На этот раз посланного царицы уже ожидали. Босоногий калмычонок, не дожидаясь стука в кольцо, отворил дверь в переднюю и снял епанчу с Балакирева… А Столетов, завидя его, сам ушёл докладывать, не спрашивая, и, выйдя через мгновение, молча указал ему путь к Вилиму Ивановичу в спальню. В неё входили из гостиной с двумя окнами, от которой роскошью уборов она не отличалась. Можно даже сказать, что опочивальня генерал-адъютанта и камер-юнкера больше походила на будуар модной красавицы западной Европы, чем на каютку холостого военного русской службы. Вилим Иванович Монс в спальне своей не только спал, но и занимался, проводя большую часть времени.
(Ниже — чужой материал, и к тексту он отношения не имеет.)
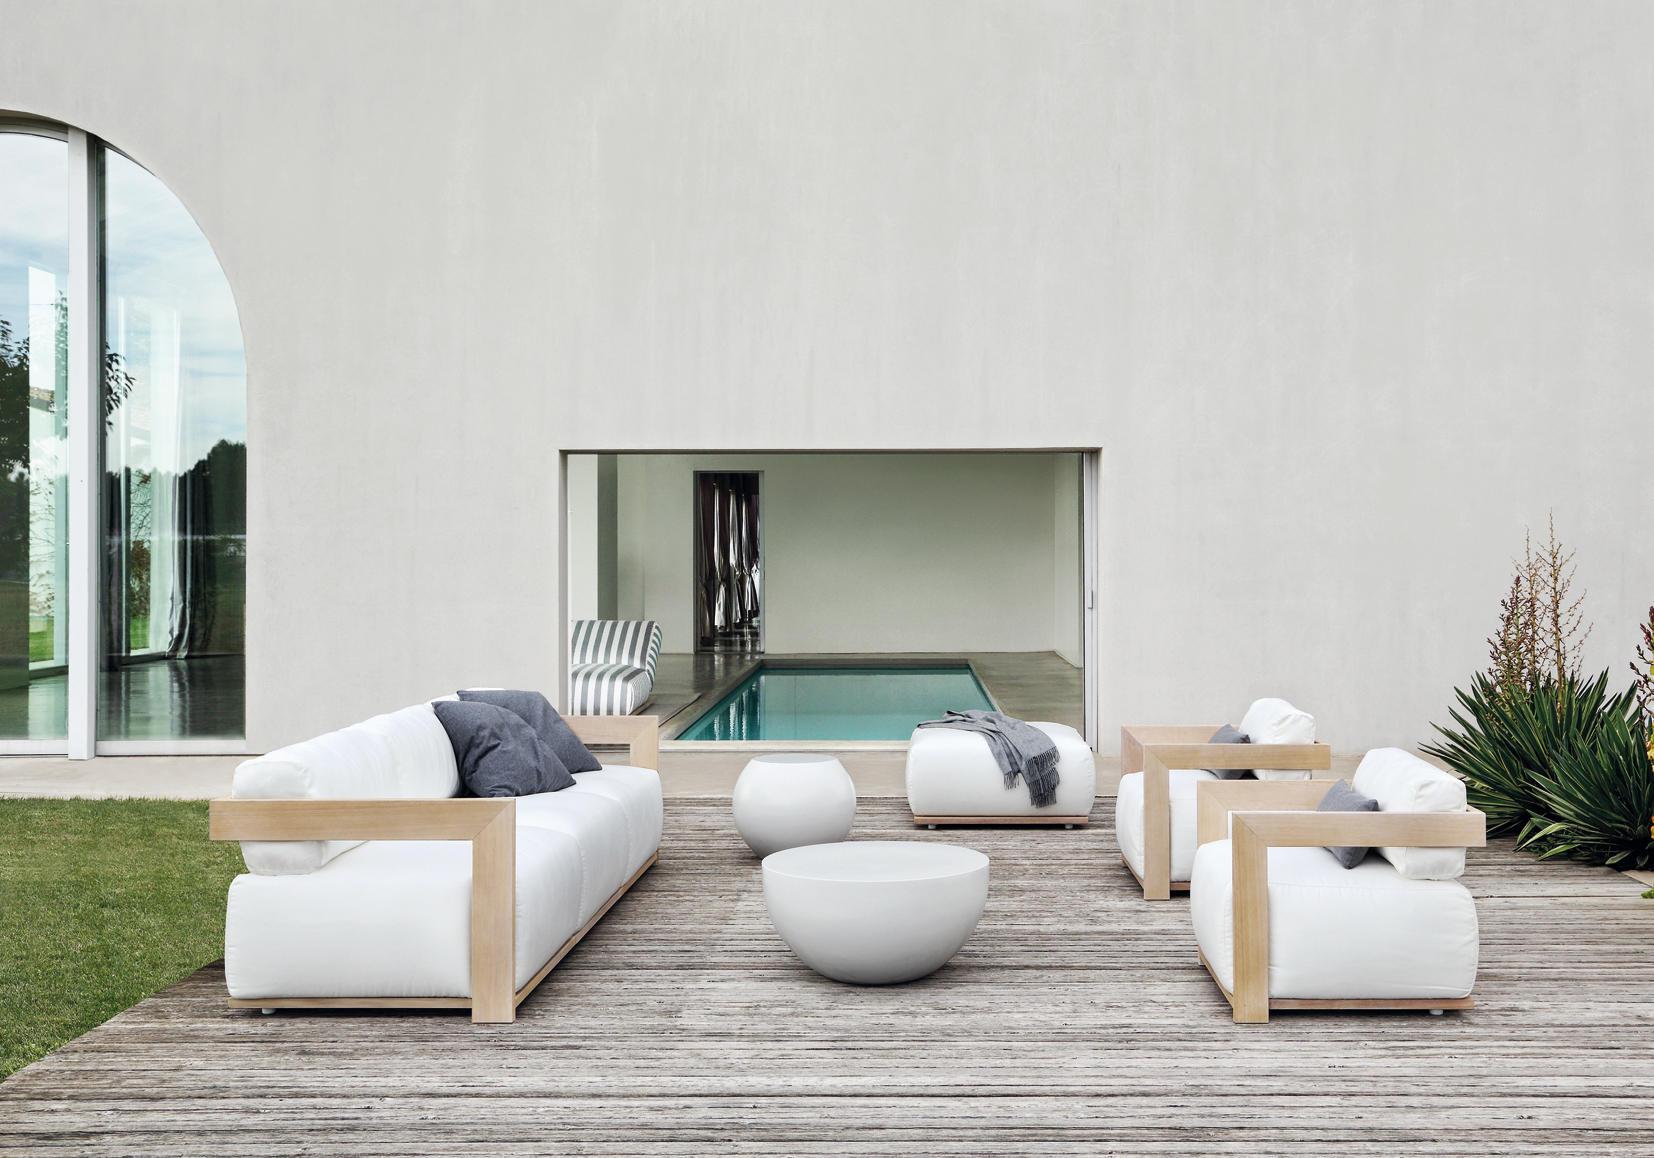 Waterproof Garden Cushions

Оттого и обстановка спального чертога была роскошная, изысканная и заключала в себе все, что нежило и утешало владельца дома. Он в спальне своей окружён был изображениями особ, оказывавших ему благосклонность. Тут в разных (по форме и размеру) рамках развешаны были шесть портретиков красавиц, между которыми на самом почётном месте, под зеркалом в серебряной раме, писанный масляными красками кистью Ганнауэра лик царицы Екатерины Алексеевны. Персона её грозного супруга помещалась в гостиной тоже под зеркалом. Так обыкновенно тогда по московскому обычаю помещали ценные картины. Отважный камер-юнкер в недосягаемом для посторонних спальном чертоге своём поместил и свой миниатюрный портрет в соседстве с изображением государыни (даже между ею и зеркалом). Балакирев, пройдя в спальню и случайно бросив взгляд на стену, противоположную пологу кровати, мгновенно подметил это, несмотря на то что портрет красавца камер-юнкера был задёрнут серенькою кисейкой.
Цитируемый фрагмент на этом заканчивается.